The United Kingdom, with the introduction of the Ivory Act 2018, is at the forefront of elephant protection and it is hoped that our Government’s commitments made in the 25 Year Environment Plan will see increased protection for other species at risk as a result of the illegal wildlife trade. However, there is a species which falls outside of the regulation of the Convention on International Trade in Endangered Species of Wild Fauna and Flora (CITES) but which can be directly linked to the ivory trade – the mammoth. Extinction brought an end of the mammoth’s time of earth more than 10,000 years ago but as the world warms and the permafrost melts, mammoth tusks are being uncovered across the world, from Siberia to Alaska and from California to Devon.

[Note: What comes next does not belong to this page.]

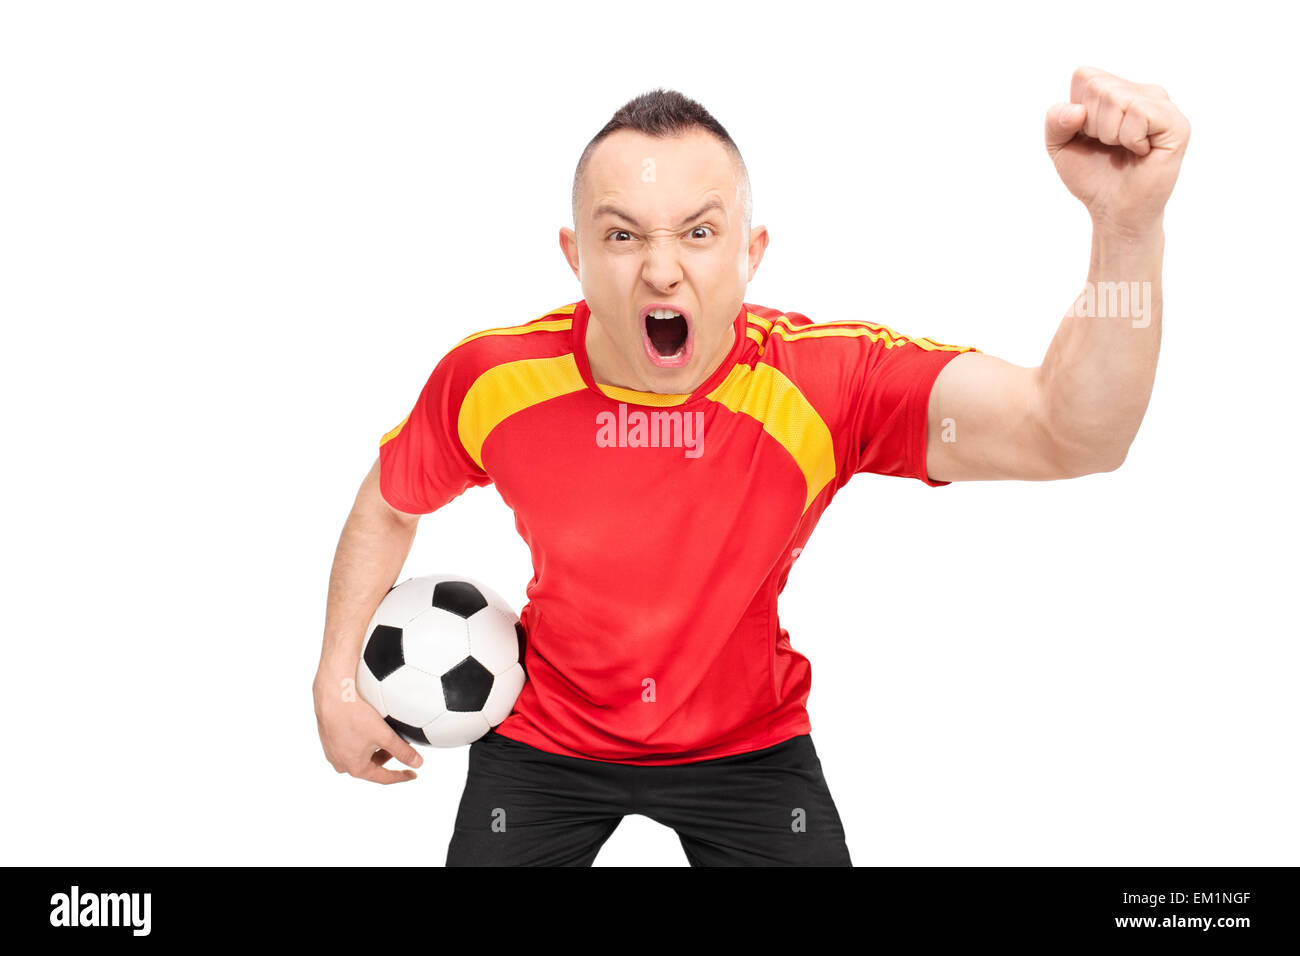 Ecstatic young sports fan in a red football jersey holding a football and cheering isolated on white background Stock Photo

There are close similarities between the tusks of elephants and mammoths leading conservationists to fear that the increase in “ice ivory” heralds a new threat to elephants.

Chair

The Roundtable will be chaired by Professor Johanna Gibson, Herchel Smith Professor of Intellectual Property Law and Convenor of Animal Law (LLM) at CCLS.

Animal Law at CCLS

Professor Gibson introduced Animal Law on the Queen Mary School of Law LLM in 2018, making the Queen Mary School of Law one of the first institutions in the UK to offer Animal Law as part of a formal LLM programme. CCLS now offers two Animal Law modules – SOLM025 Animal Law, Welfare and Trade (focusing on agriculture, science, research and innovation, and conservation) and SOLM026 Animal Law, Media and Culture (focusing on animals in the creative industries).